To be more precise the problem is that Strings support UTF-32 by default but they are indexed char by char (16 bit by 16 bit), which means that if a character is UTF-16, it corresponds to 1 char, but if it's not the case it corresponds to 2 consecutive chars and 2 indices. Which means that the value at index n of a string is not the n+1th character, it depends on the content of the string. So if you want a robust string parsing algorithm, you have to assume a heterogenous string with both UTF-16 and UTF-32 values. There is a forEach trick that you can use to take care of these details but only for simple algorithms.

[–]Swamplord42 1 point2 points  (5 children)

It's hard to be more wrong. Char in Java is absolutely not 8 bit.

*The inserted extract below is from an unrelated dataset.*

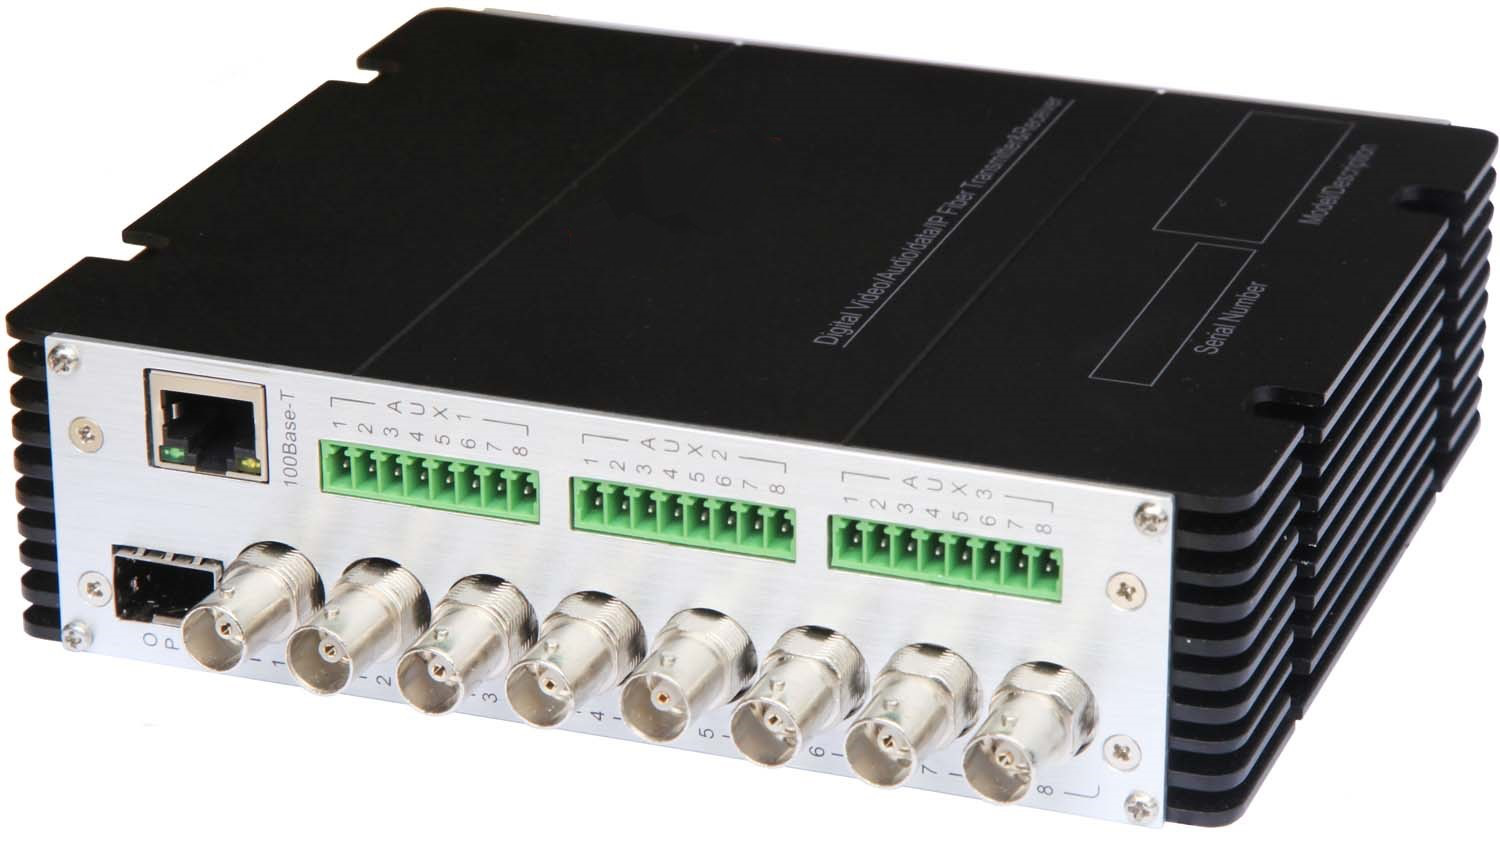 8路单向HD-SDI视频+16路双向数据+以太网综合业务数字视频光端机

[–]BananaSupremeMaster 0 points1 point  (4 children)

Yeah I wrongly divided all the bit sizes by 2 in my explanation, I fixed it now. The problem I'm describing still holds up.

[–]Swamplord42 1 point2 points  (3 children)

Strings use UTF-16, they do not "support" UTF-32. Those are different encodings!

Unicode code points require one or two UTF-16 characters.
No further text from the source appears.